А теперь перейдем к другой особенности этого дела. Перед отъездом из Вашингтона в Санкт-Петербург я советовался с государственным секретарем и ведущими лицами, ведавшими нашим делом, а по дороге беседовал с графом Шуваловым, российским послом в Берлине; и все сходились на том, что интересы Соединенных Штатов и России в деле защиты тюленей тождественны. Удивительным было лишь то, что при столь очевидном факте российское Министерство иностранных дел неизменно воздерживалось от проявления какого-либо активного сочувствия Соединенным Штатам в наших попытках исправить эту несправедливость, причиненную обеим странам.
При моем первом представлении императору я обнаружил, как уже говорилось, что он придерживается того же мнения, что и вашингтонский кабинет и граф Шувалов. Он был полностью на нашей стороне, резко отзывался о канадских мародерах, самым прямолинейным и искренним образом соглашался с тем, что интересы России и Соединенных Штатов в этом вопросе тождественны, и сурово отозвался о британских посягательствах на обе нации в северных морях.[2]
[2] См. подробный отчет об этом разговоре, приведенный ранее в этой главе.

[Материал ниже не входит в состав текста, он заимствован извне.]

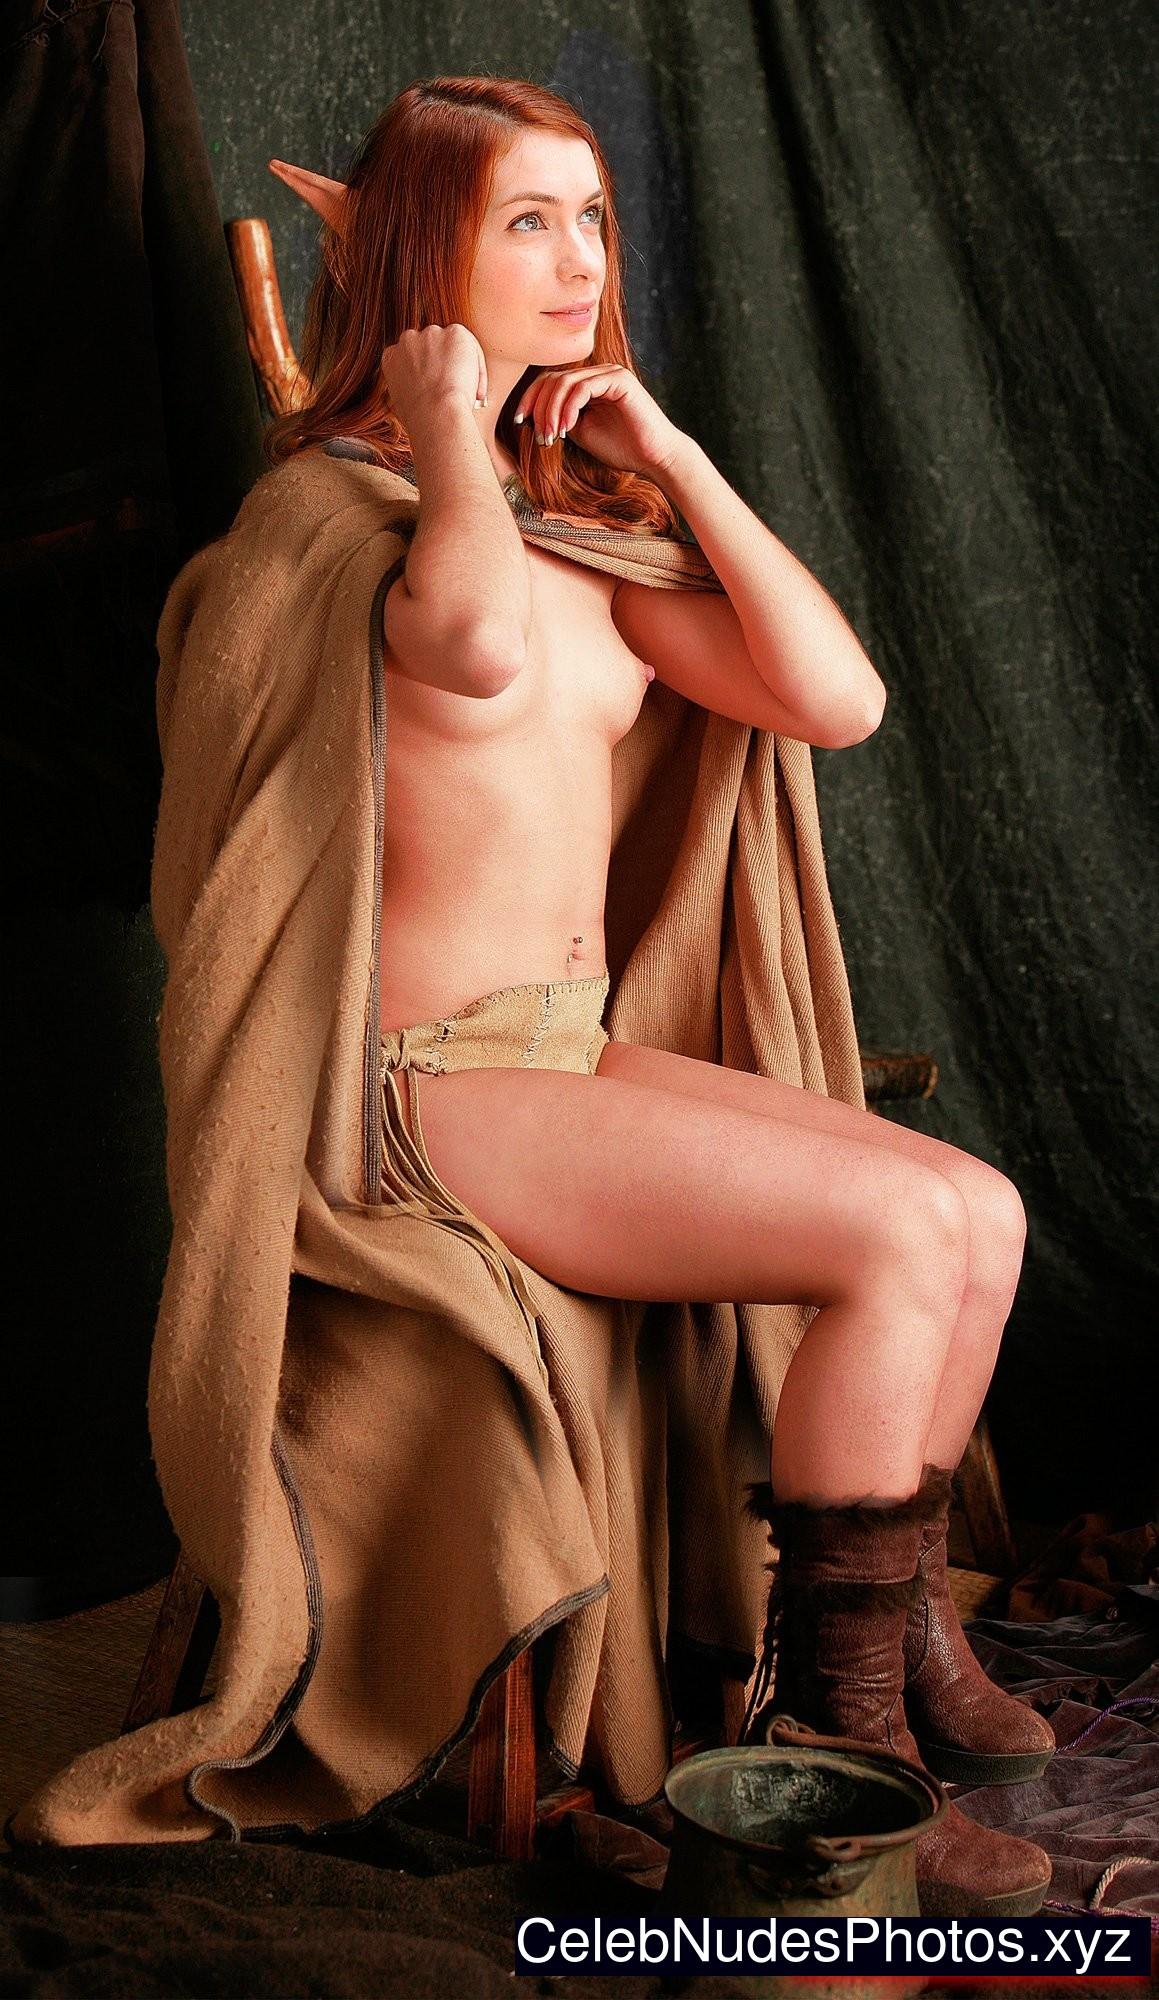 Angie Martinez Nude Pics felicia day fakes - megapornx

Все шло гладко, пока я не поднял этот вопрос в российском Министерстве иностранных дел. Там я столкнулся с трудностями, хотя поначалу не до конца их понимал. Император Александр III умирал в Ливадии в Крыму; министр иностранных дел господин де Гирс, человек высочайшей честности, умирал в Царском Селе; а во главе его ведомства стоял помощник министра, который ранее в течение короткого времени представлял Россию в Вашингтоне и не особенно преуспел там. Вместе с ним действовал другой помощник министра, ведавший азиатским департаментом в российском Министерстве иностранных дел. Наша позиция была сильна, и я был вполне готов встретиться с сэром Робертом Мориером в любом честном споре по этому поводу. Я оценил его масштаб в один-два раза, когда он обсуждал различные вопросы в моем присутствии; и ни капли не боялся, что при честном изложении дела он сможет взять верх над мной в споре. Мы то и дело приятно встречались в приемных министерства; но в тот период наш представитель при российском дворе был всего лишь посланником и полномочным министром, а британский представитель — послом, и как таковой он, разумеется, имел старшинство передо мной, наряду с некоторыми случайными преимуществами, которые я видел тогда, а также другими, которые осознал позже. Прошло совсем немного времени, и стало ясно, что сэр Роберт Мориер обладал огромным «влиянием» на упомянутых выше лиц, временно управлявших Министерством иностранных дел, да и вообще на российских чиновников. Казалось, они не только трепетали перед ним, но и смотрели на него, «как глаза служанки — на руку госпожи моей». Теперь я начал понимать факт, столь долго ставивший в тупик наше Государственный департамент, — а именно то, что Россия не выступала с нами единым фронтом, хотя мы вели и ее битвы наряду с нашими собственными. Но я продолжал бороться, часто встречаясь с чиновниками и делая все возможное.